# Happy Birthday to Lisi



## edelweiss (Apr 23, 2010)

:cheer::cheer::cheer:

Happy Birthday to Lisi——5 yrs. old today and way too cute & such a sweet & stinky personality! You light up our lives baby girl. Thank you Marquess Maltese (Szilvia Grof) for blessing our lives so abundantly. 

We will celebrate with fresh blueberries & vanilla ice-cream (using Sue's recipe---thank you and by following Walter's example, thank you!) 

We are so thankful for this happy little girl---she lights up lives wherever she appears. She never stops wagging her tail. It is such a joy to be her family! :wub:
:tender:


----------



## maggie's mommy (Mar 12, 2006)

Such a beautiful face. Happy birthday Lisi!


----------



## maggieh (Dec 16, 2007)

Happy Birthday to such a sweet girl!


----------



## wkomorow (Aug 26, 2011)

Happy birthday sweet little girl. Nothing better than a little ice cream on your birthday - well anyday really. You light up your mommy's life. Remember to share with your brother if you expect him to do the same. The picture of her is so sweet. She looks like a little angel.


----------



## edelweiss (Apr 23, 2010)

wkomorow said:


> Happy birthday sweet little girl. Nothing better than a little ice cream on your birthday - well anyday really. You light up your mommy's life. Remember to share with your brother if you expect him to do the same. The picture of her is so sweet. She looks like a little angel.

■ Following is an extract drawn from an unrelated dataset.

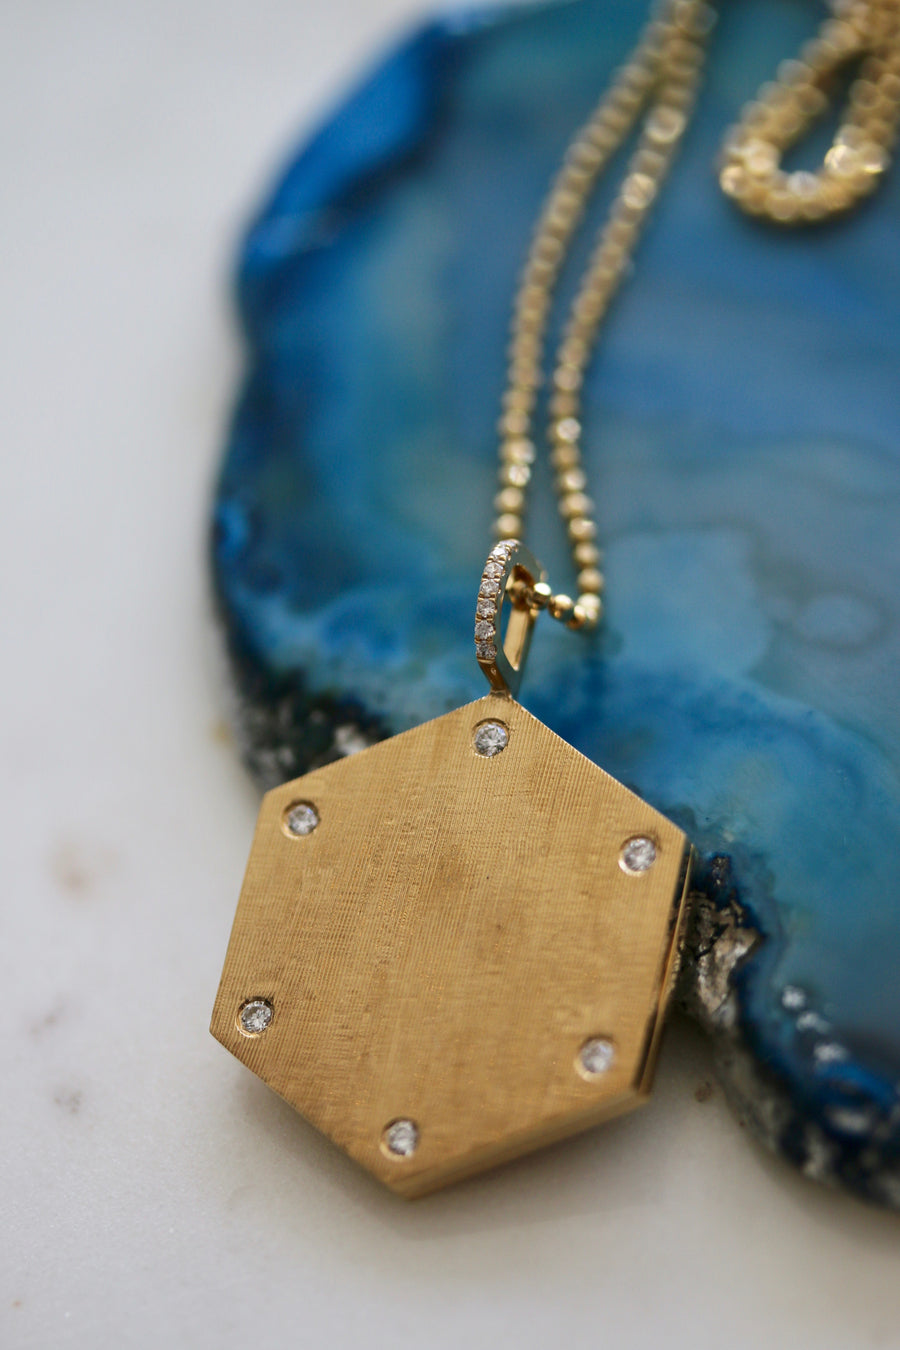 18k gold locket necklace with diamonds

"Looks like" is the operative word here! :HistericalSmiley:
She is in so many ways, but her personality is very mischievous---BUT that is part of her beauty & endearment! We would not change anything about her, even if we could.:innocent::innocent:


----------



## aprilb (Jul 9, 2010)

edelweiss said:


> :cheer::cheer::cheer:
> 
> Happy Birthday to Lisi——5 yrs. old today and way too cute & such a sweet & stinky personality! You light up our lives baby girl. Thank you Marquess Maltese (Szilvia Grof) for blessing our lives so abundantly.
> 
> ...


Awe...Happy Birthday, beautiful girl!:wub: I cannot believe she is 5! I remember when you got her...time sure does fly..:blush:


----------



## edelweiss (Apr 23, 2010)

aprilb said:


> Awe...Happy Birthday, beautiful girl!:wub: I cannot believe she is 5! I remember when you got her...time sure does fly..:blush:


Doesn't it April? She still looks like a baby in many ways. 
Congratulations on your up-coming new home! I hope to see you next year in Asheville!:wub:


----------



## jane and addison (Nov 1, 2012)

What a wonderful little girl. Happy Birthday baby.


----------



## Snowball Pie's Mommi (Oct 16, 2008)

:cheer::tender:Happy 5th Birthday, Lisi!!!:tender::cheer:


Enjoy your ice-cream and blueberries! I know your mommy will make your birthday extra special. Have fun celebrating with your brother ... I am sure he will love the ice cream and blueberries, too!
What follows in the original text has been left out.